Zn1-xFexSnO3+x/2 samples (ZFxSO), composed of quasi-spherical solid particles, were synthesized after the calcination of Zn1-xFexSn(OH)6+x and then decorated by nano-TiO2/WO3. The ethanol sensitive performance of pure ZnSnO3 sample can be enhanced by Fe3+-doping at high temperature. The ZF0.1SO sample (i.e., x = 0.1) exhibits highest gas sensing response to ethanol among the ZFxSO samples at 500 ppm, obtaining a maximum response (Rmax) of 260.8 at 260 degrees C. Although Fe3+-doping can increase the oxygen vacancies in pure ZnSnO3 sample, it can not significantly change the ultraviolet absorption spectrum of the sample due to its strong electronegativity. However, nano-TiO2/WO3 decoration can broaden the ultraviolet absorption spectrum of ZF0.1SO sample and improve its absorption intensity.
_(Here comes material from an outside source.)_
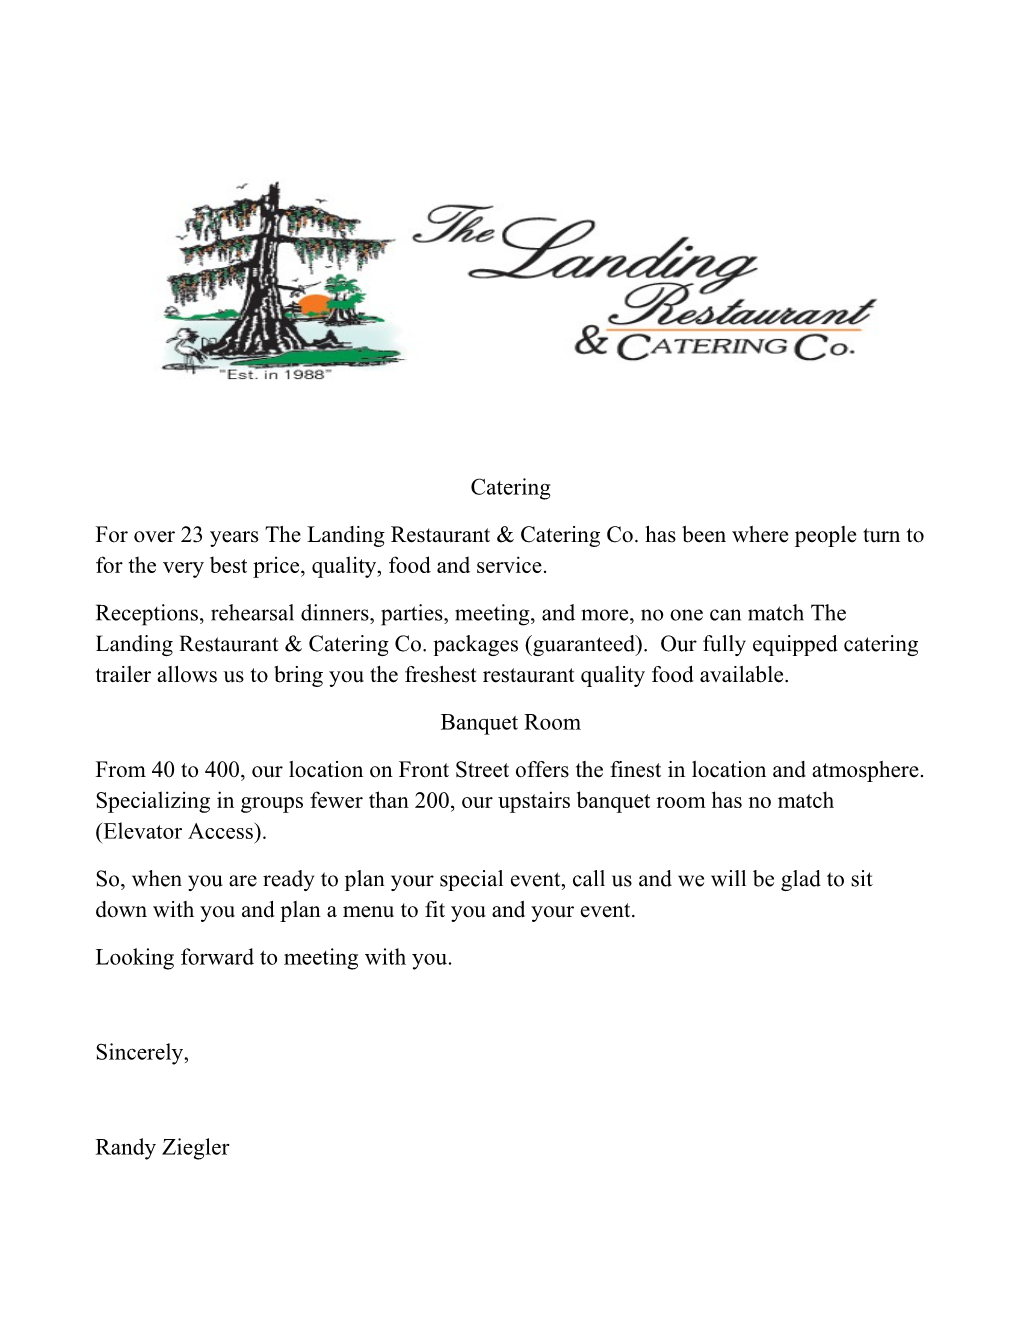 For Over 23 Years the Landing Restaurant & Catering Co. Has Been Where People Turn to For

Under 385 nm UV illumination, the operating temperature (OT) of ZF0.1SO sensor can be reduced by nano-TiO2 decoration, with a Rmax of 198.7 at 110 degrees C. Moreover, the OT of the ZF0.1SO sensor can be further reduced by the co-decoration of nano-TiO2 and WO3, with a Rmax of 219.5 at 100 degrees C under the same testing conditions. Possible reasons on the role of Fe3+-doping and nano-TiO2/ WO3 decoration were discussed from material structure.